**WORK REQUIRED**
The whole listing below must be printed again exactly, images excluded.

**DATA**

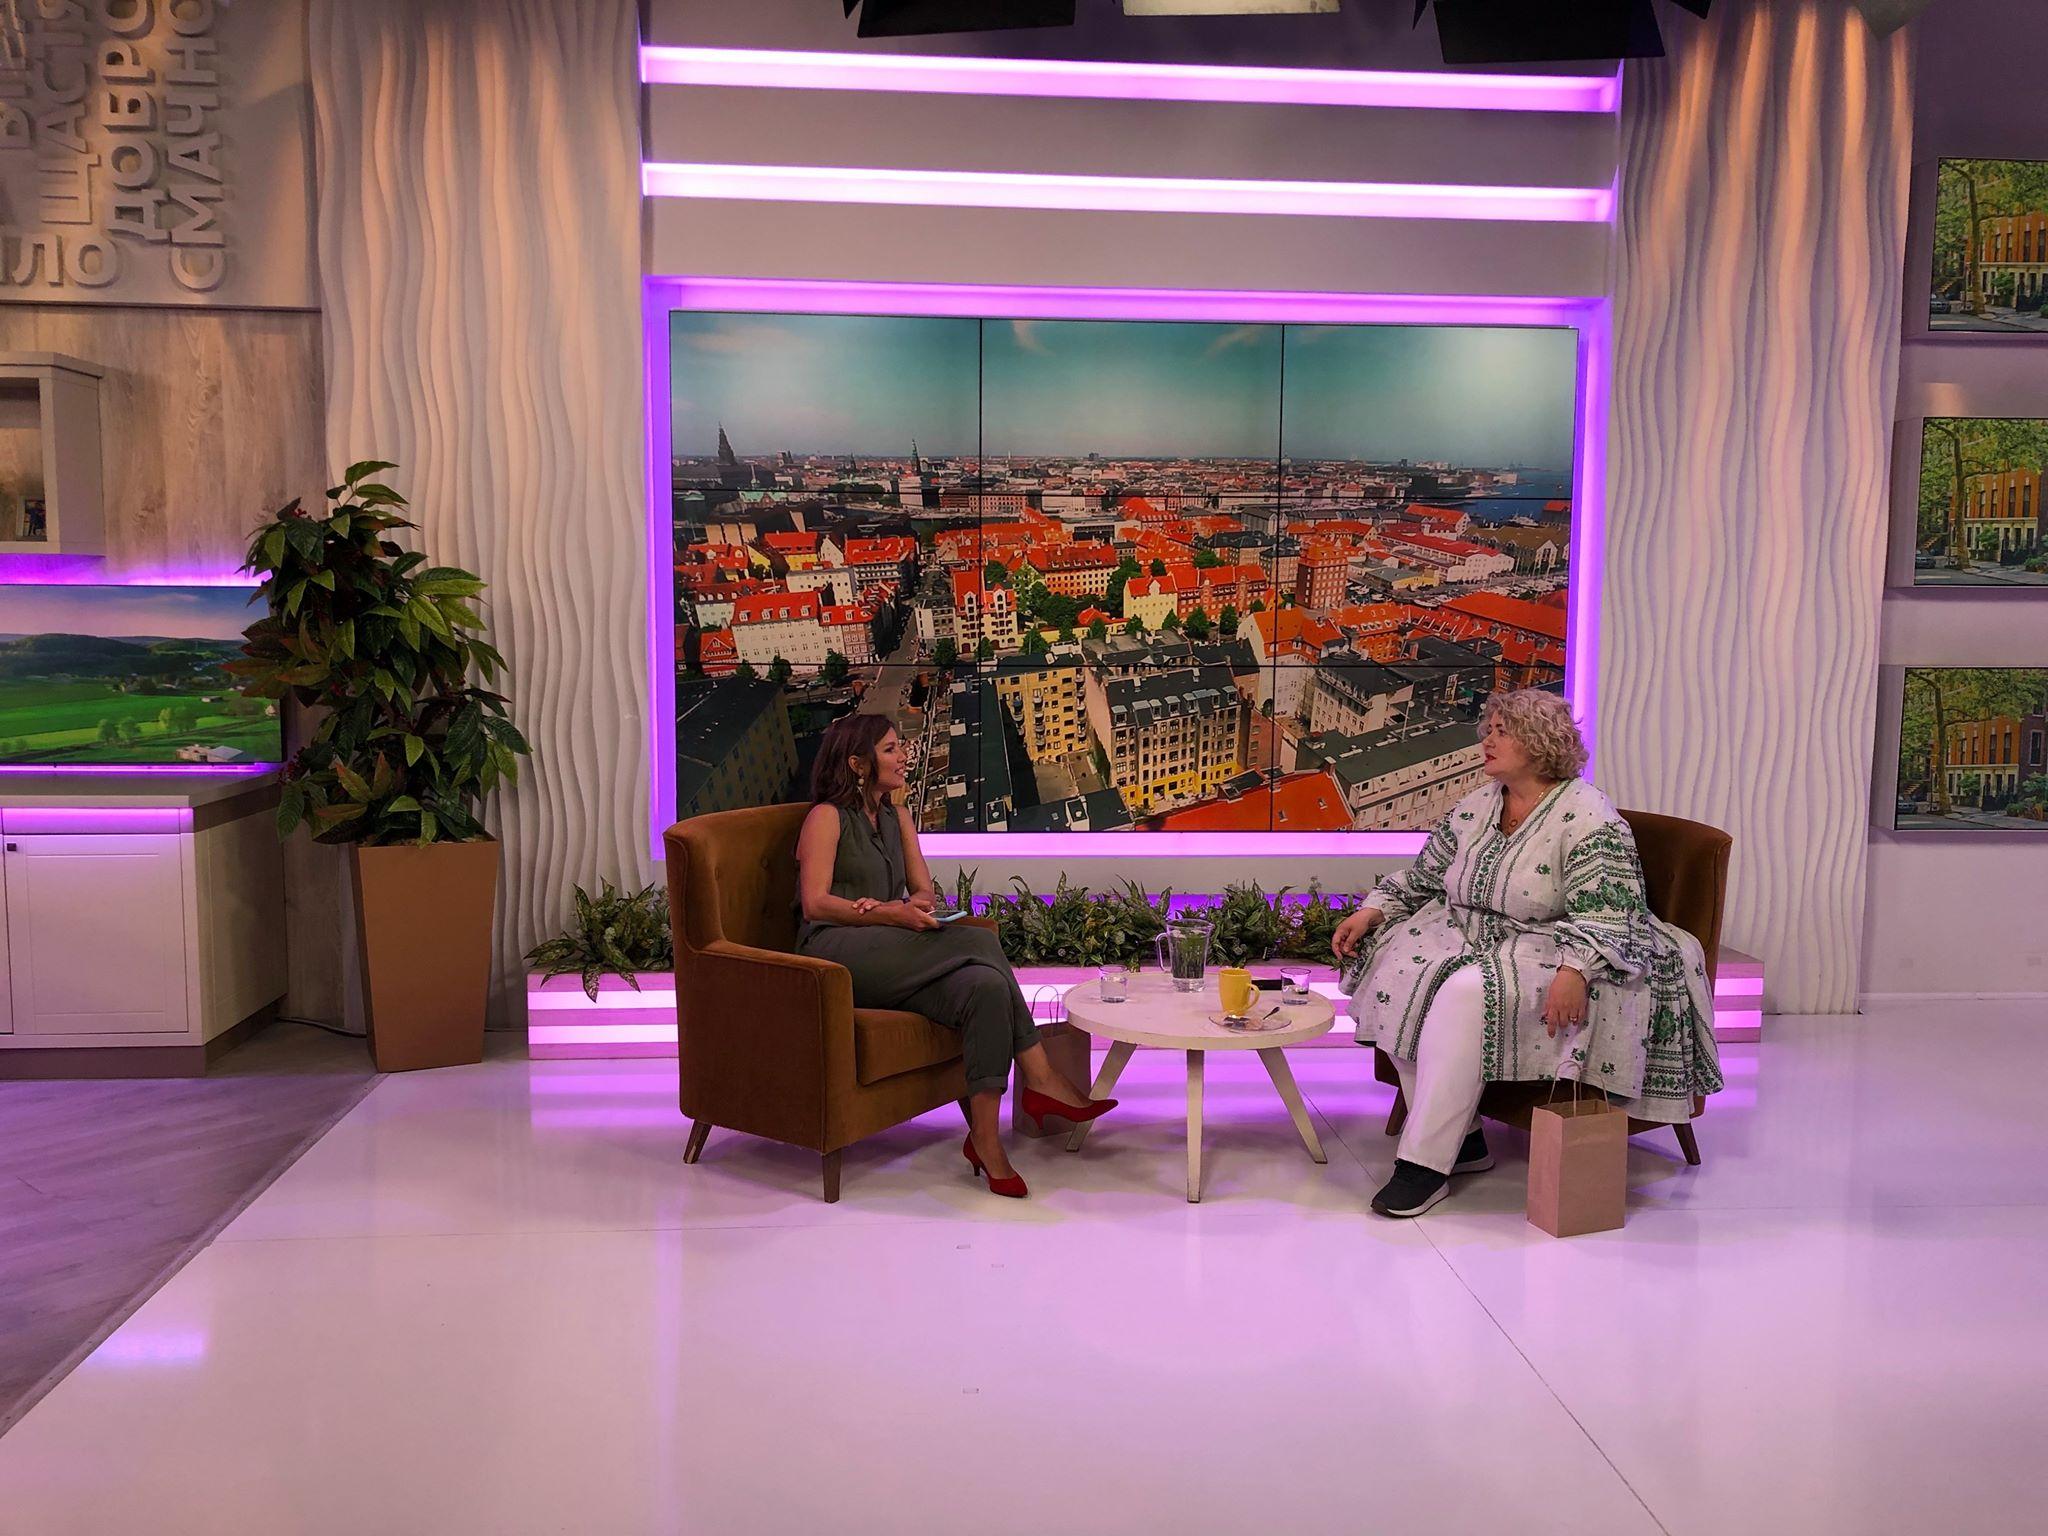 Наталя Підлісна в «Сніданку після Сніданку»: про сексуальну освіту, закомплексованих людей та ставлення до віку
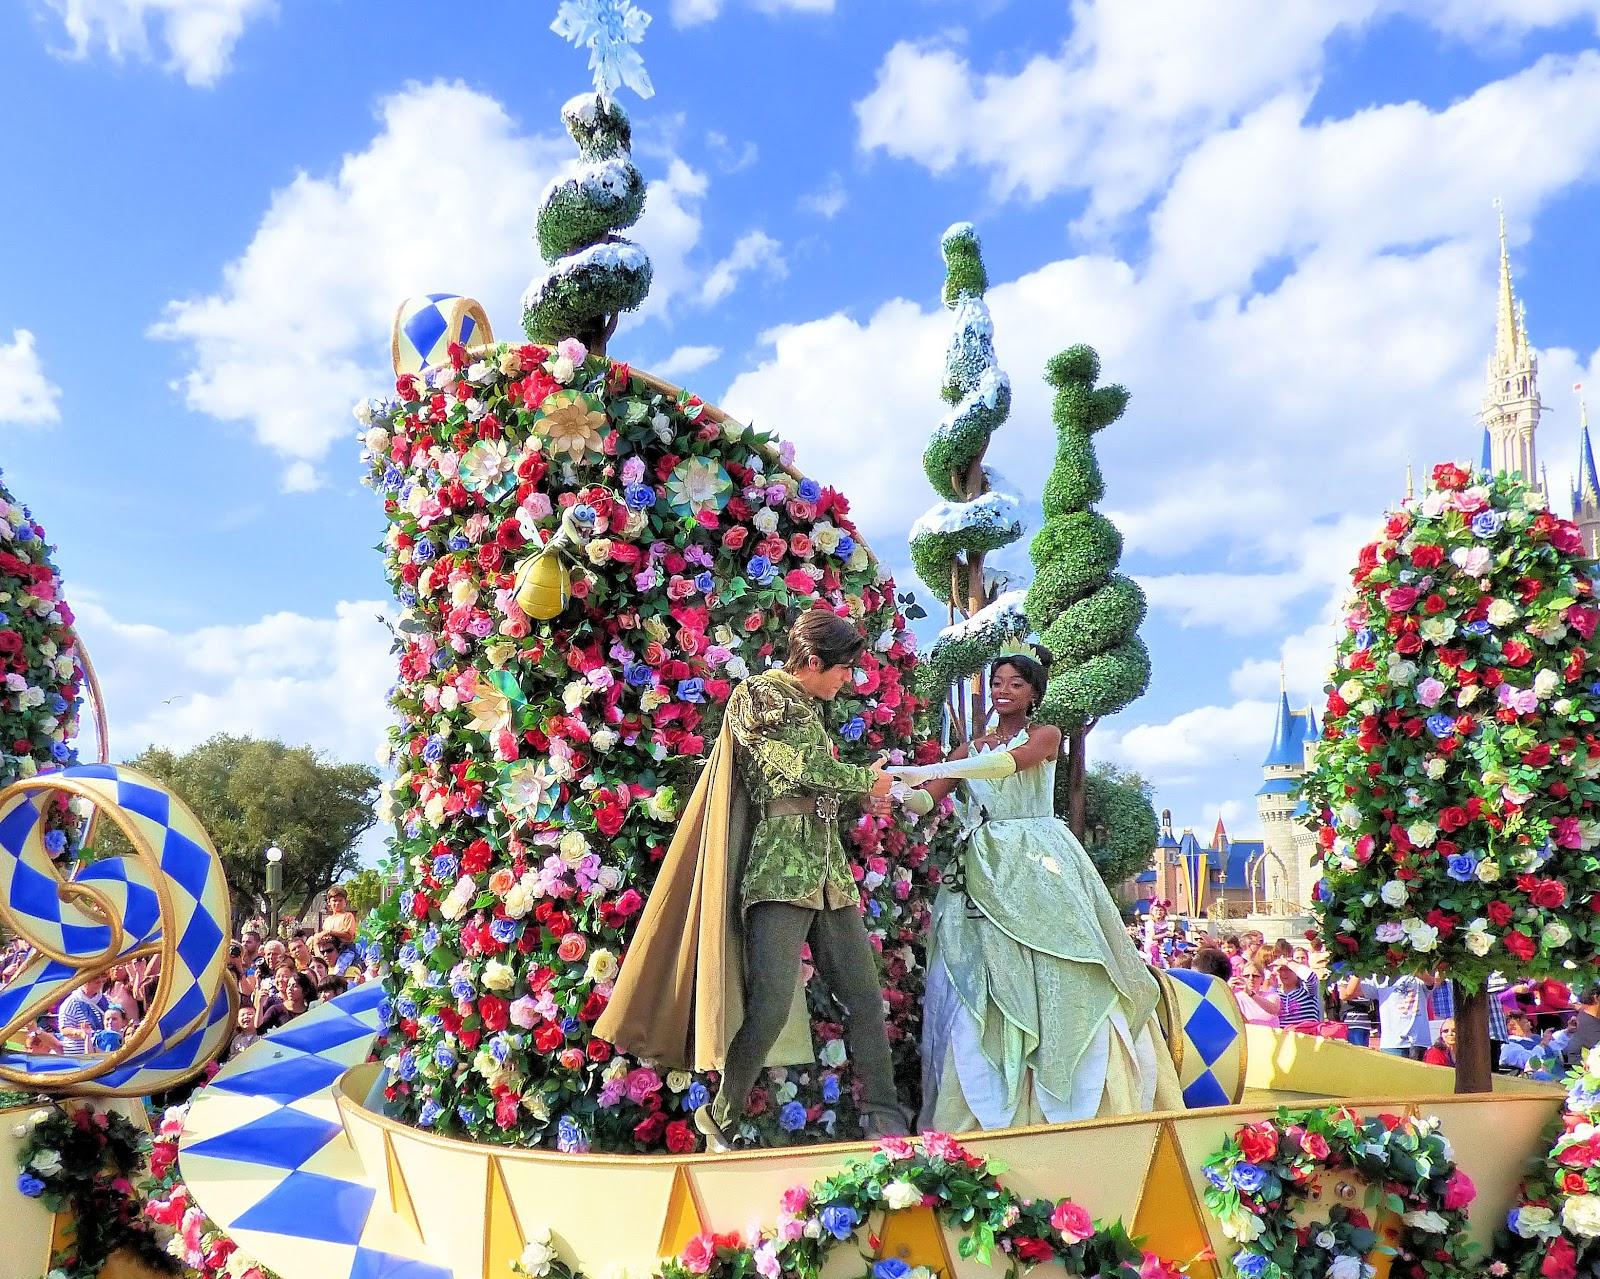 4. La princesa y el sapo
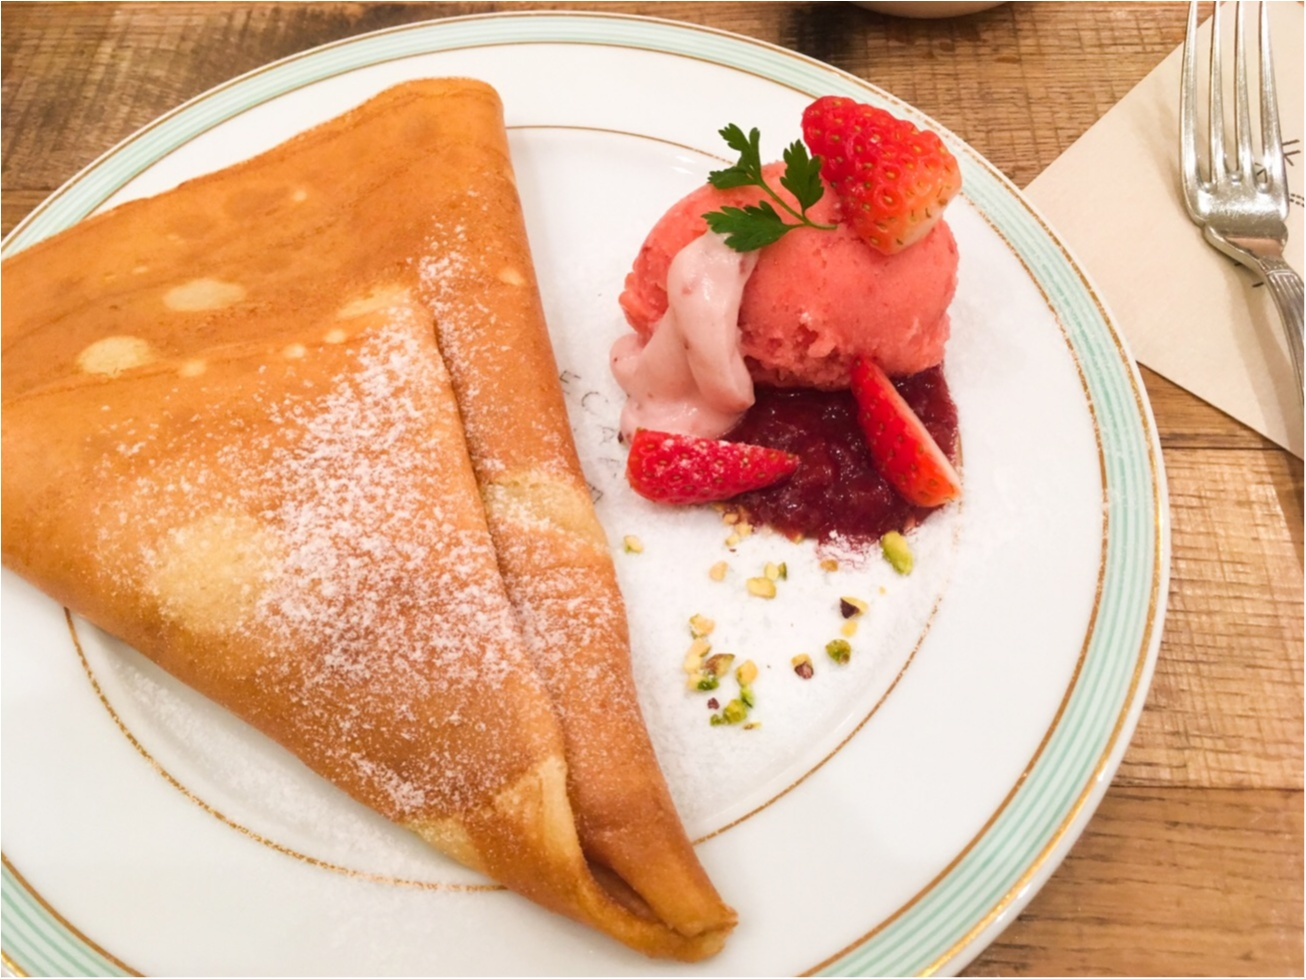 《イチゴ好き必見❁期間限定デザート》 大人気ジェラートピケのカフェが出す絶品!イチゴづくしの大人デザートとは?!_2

**EXPECTED ANSWER**
 Наталя Підлісна в «Сніданку після Сніданку»: про сексуальну освіту, закомплексованих людей та ставлення до віку
 4. La princesa y el sapo
 《イチゴ好き必見❁期間限定デザート》 大人気ジェラートピケのカフェが出す絶品!イチゴづくしの大人デザートとは?!_2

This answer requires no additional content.